Formula for calculating consecutive integers?

I have come across several problems that in the explanation included a forumla for calculating consecutive integers. I can't remember if it was for consecutive even or consecutive odd or just consecutive in general.

Does anyone know this formula?

510_At_It_Again wrote:Formula for calculating consecutive integers?

I have come across several problems that in the explanation included a forumla for calculating consecutive integers. I can't remember if it was for consecutive even or consecutive odd or just consecutive in general.

Does anyone know this formula?

Here is one trick, adopted from Carl F. Gauss, which you can adopt and tweak in your own way.

Add the consecutive integers 1 to 9.

1+9=10
2+8=10
3+7=10
4+6=10
And a 5

You can easily see that by adding the extremes and going toward the middle, you will get a constant number, in this case it is 10. Once you can determine how many such constant numbers there will be and whatever leftove number, if any, there is you are done.
The above sum is 45. What quick way could we arrive at 45?
9+1-1 = number of intergers involved. My thing is that whenver the sum ends in an odd number, I drop the last term and consider the rest and just add the last term.

So I would consider 8 numbers. Divide 8 by 2 and get 4. There are four groups that will sum to 9, ie I would consider the sum from 1 to 8 instead of from 1 to 9. This time, instead of 10 I will get 9. So 4 groups each having 9 as sum.
9 x4+9=45.

The consecutive sum from intergers a to c is accordingly
i) If Number of terms= c -a+1= odd, drop c and consider sum from a to b.
Then asnswer is (b-a+1)/2 x a+b + c

ii) if c-a +1 =even
then
(c-a +1 )/2 x a+c

Example Sum the consecutive integers from 200 to 2004

2004-200+1=1805 which is odd. So I would drop 2004 and sum to 2003

2003 -200+1= 1804. 1804/2=902

Sum = 902 x (200 +2003) +2004
(902 x 2203) +2004
1989110

Of course if the problem were sum 200 to 2003, we would have
902 x (200 +2003)
1987106

The extra step is the pain that comes from dealing with odd number of things.

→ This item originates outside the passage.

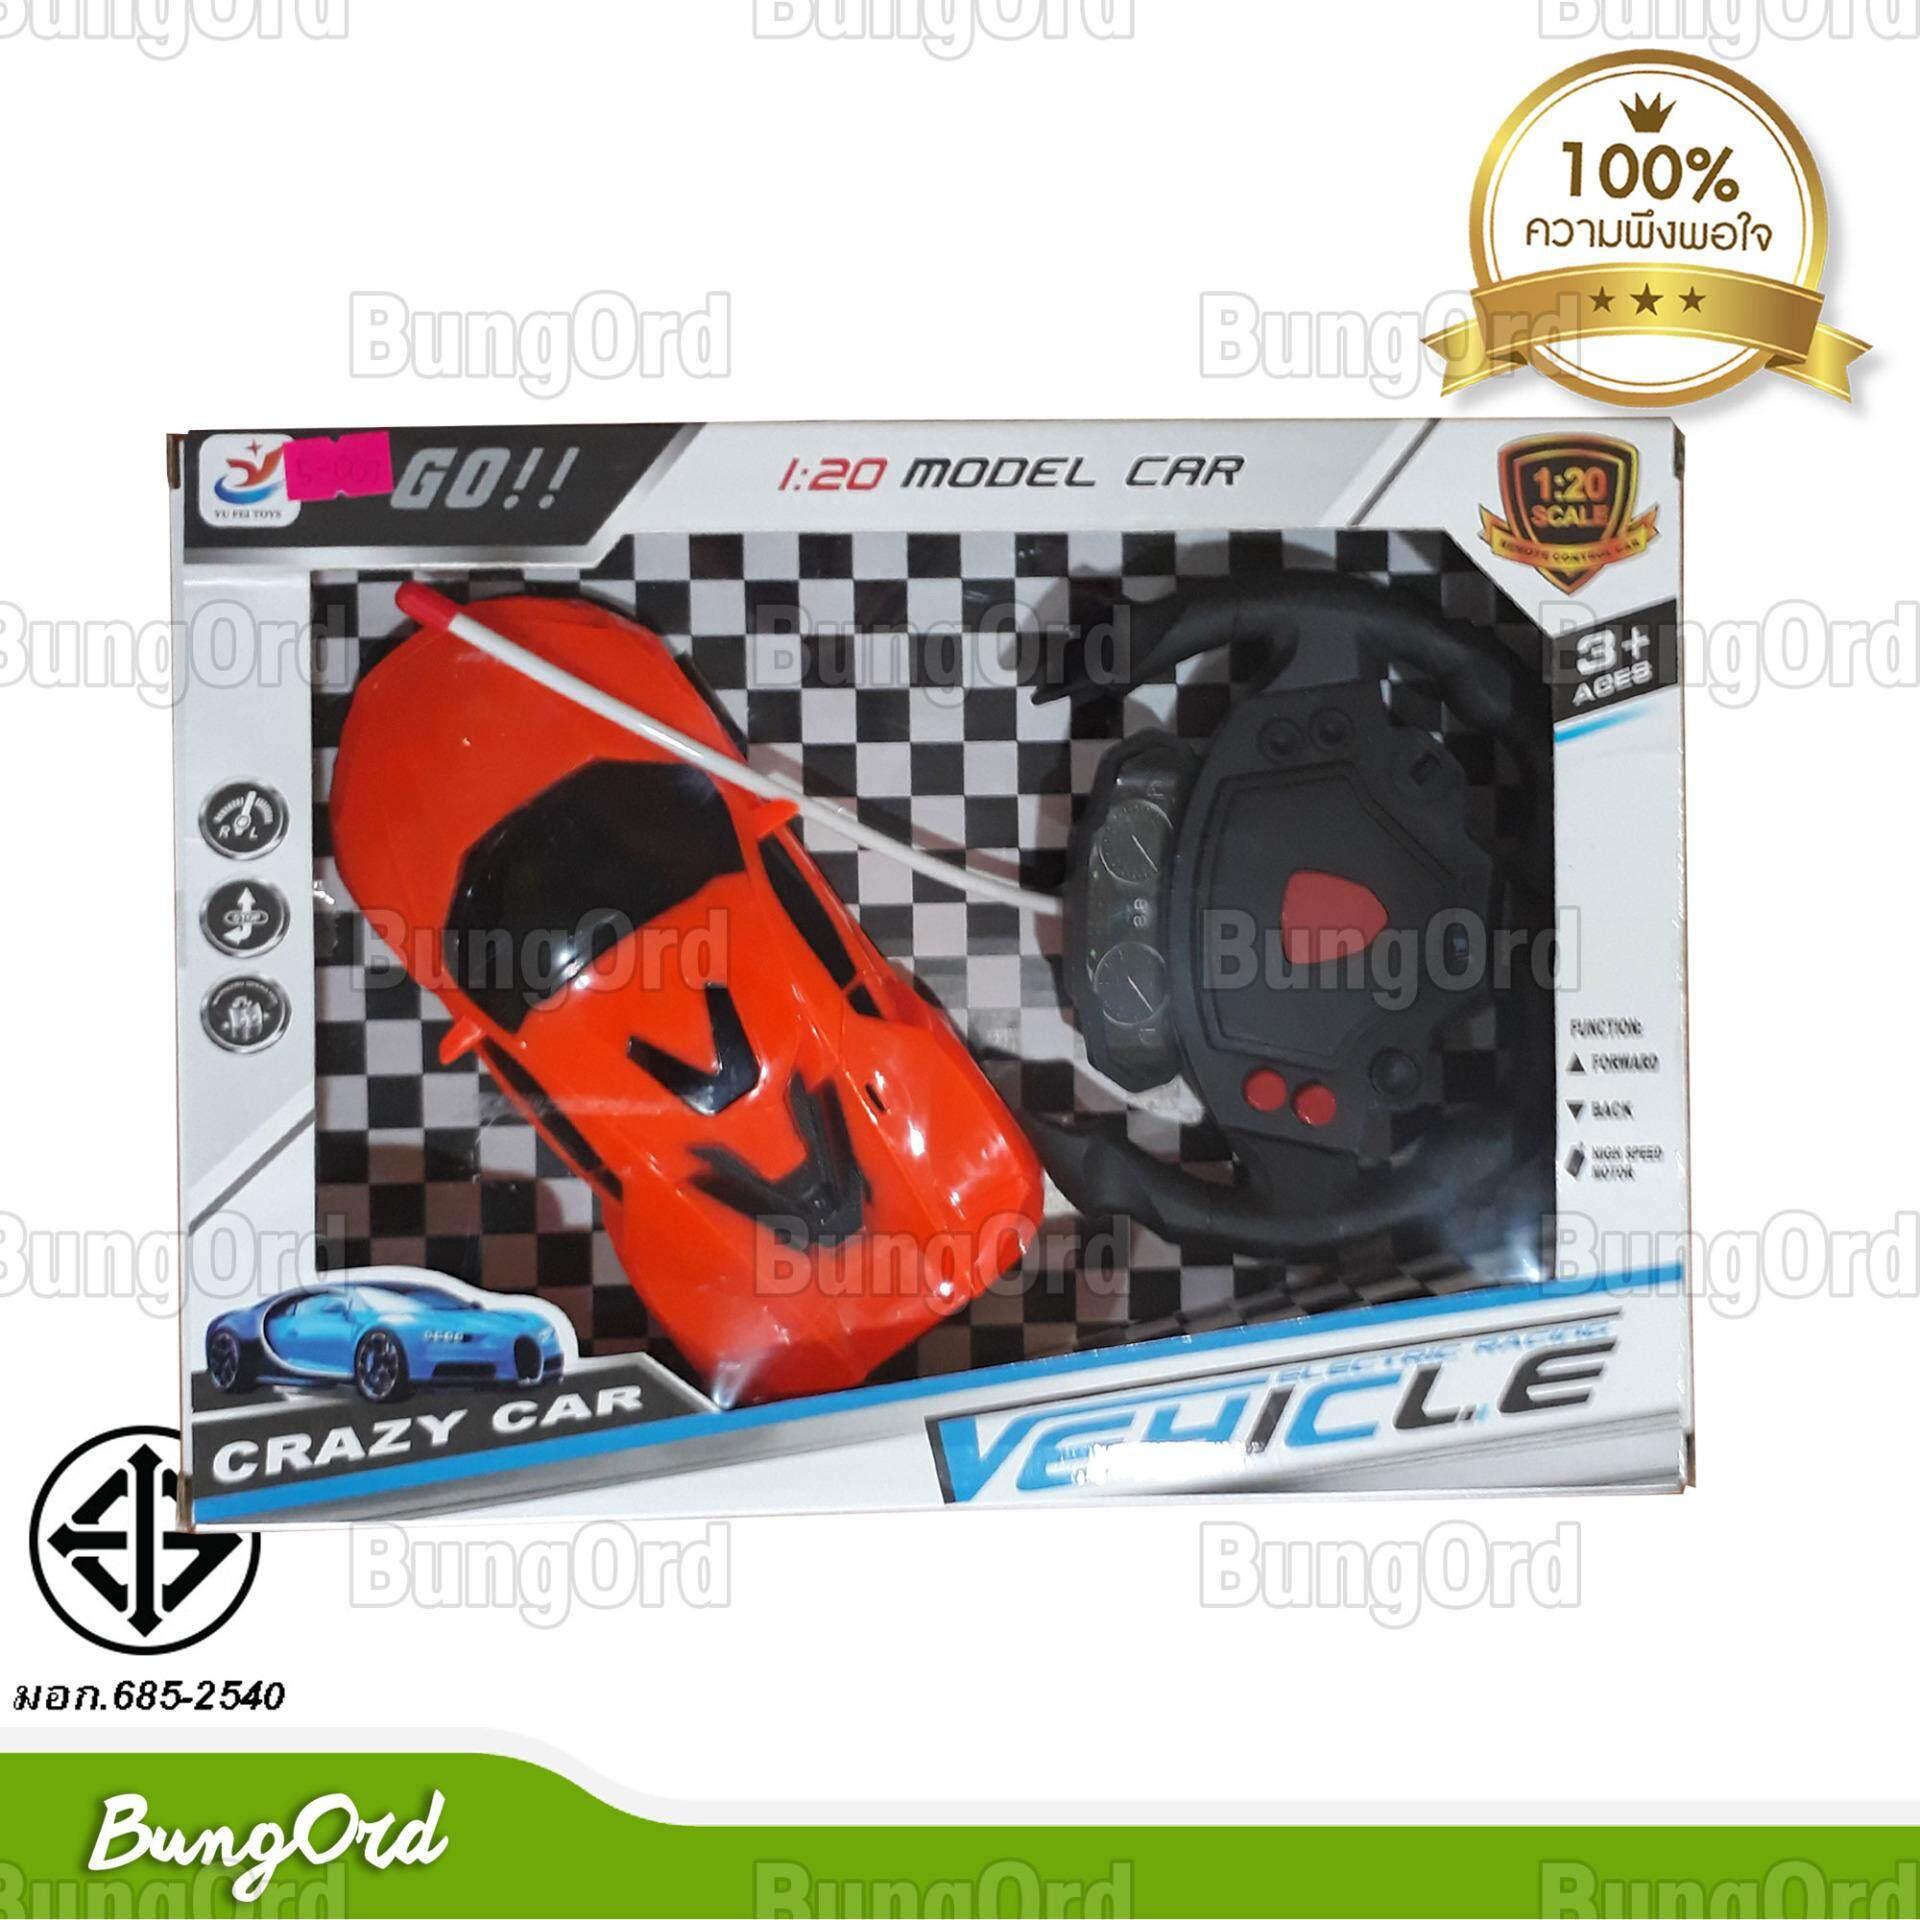 Toys 5007o รถสปอร์ต บังคับ สีส้ม Crazy Car มี รีโมทคอนโทรล วัสดุปลอดภัย มี มอก. ของเล่น Venicle Electric Racing สร้างเสริมจินตนาการ The Best Gifts For Children Funny Toy Knead Your Interesting Childhood Its A Magical World Lets Play Together By Bungord.

For consecutive even numbers you know the their general terms and you can just use the formula for finding the Sum of an arithmetic sequence.

S= n/2 (2a +n-1)d

where d=2
a will be the first even or odd number
and n, the number of terms can be calculated as in the above example.

I wouldn't use this formula for consecutive numbers because I find the above method quicker but it can also be used, since d=1.